In the seat behind her, Eduardo checked the frequency on her radio monitor, then rapidly clicked at a laptop that was attached to the antenna. The screen showing their present GPS location locked for a moment, and then a pin appeared, showing the estimated position of the transmission.
The pin began to pulse strongly as the nanny said good night to Bennett.
Eduardo checked the screen against his compass and the geological survey map spread out on the seat beside him. He had worked in the signal corps of the Colombian government catching narcoterrorists before he had met Perrine and switched sides. There was no one better in the cartel at radio tracking than he.
He pointed to the juniper-covered hill beside them, toward a stand of trees.
“The nanny and Bennett’s kids are less than a mile up there somewhere,” he said.
Vida got on the radio, and after a minute, another 4x4, an FJ Cruiser, rolled down the steep incline of the mining road from the opposite direction.
“You have a hit?” Estefan said from behind the FJ’s wheel.
“We just heard Bennett and the nanny,” Vida said excitedly. “The software is saying we are within a mile, that they’re up in those trees.”
“Good,” Estefan said. “About two hundred feet back up the road, I saw a tire track going that way.”

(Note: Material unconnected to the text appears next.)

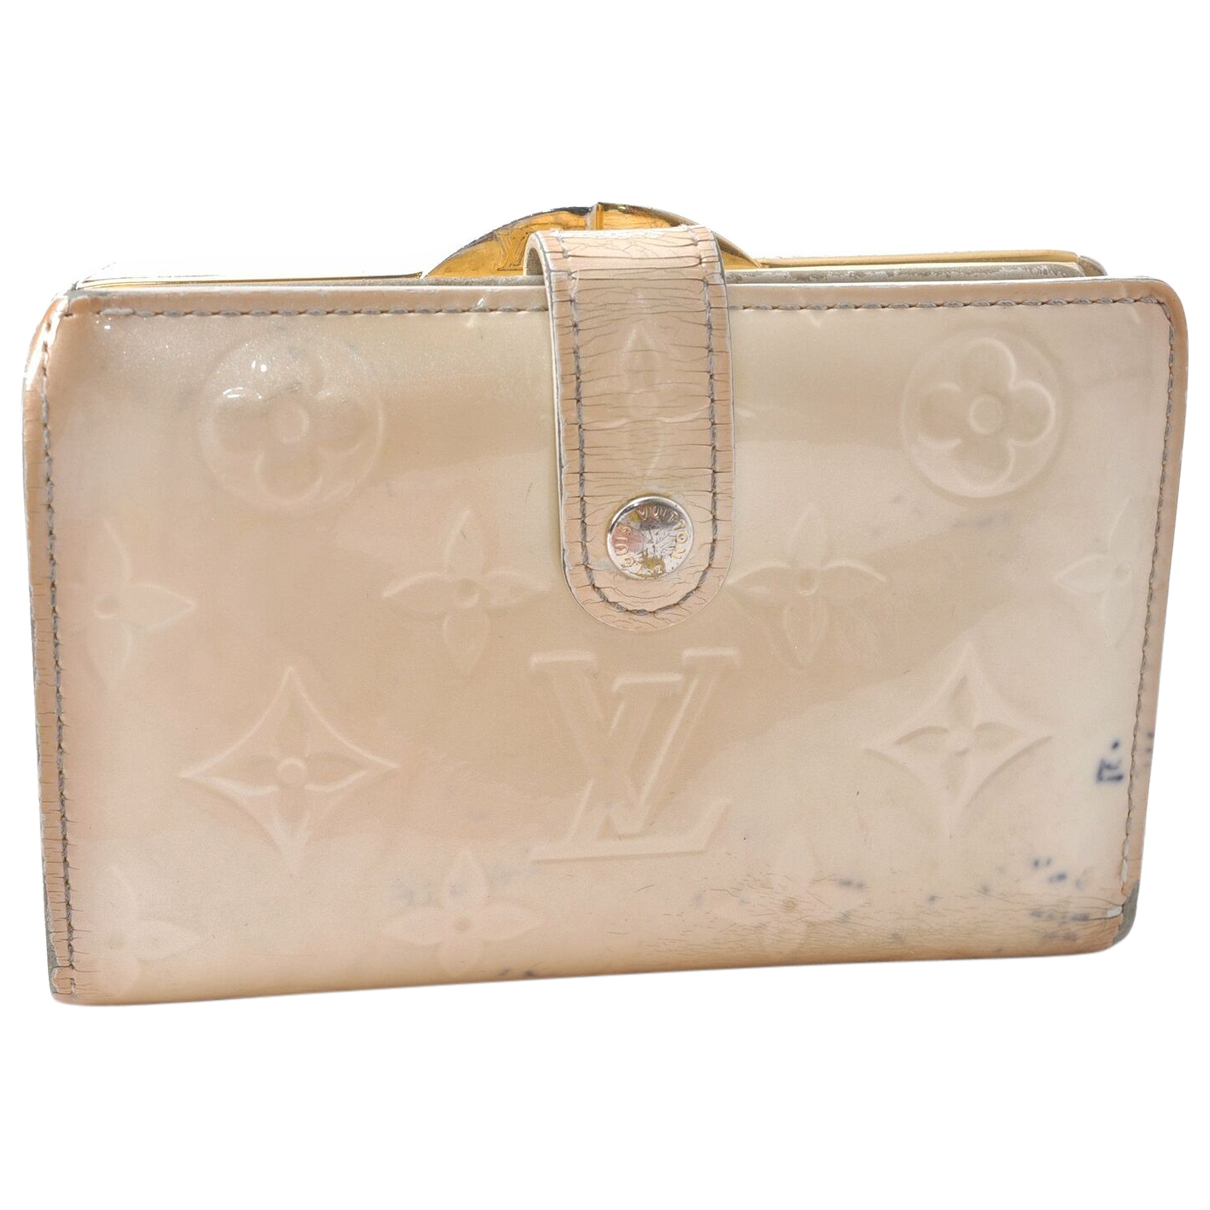 Louis Vuitton - Portefeuille   pour femme en cuir verni - beige

Vida smiled. She knew that the play after finding the Bennett safe house empty was to come up here to Northern California and conduct the search herself. Their contacts in town had put them onto an old, half-mad hippie doper who lived somewhere around here. His name was McMurphy, and not only had he given the cartel trouble in the past, but he’d actually been seen talking to the Bennetts at church.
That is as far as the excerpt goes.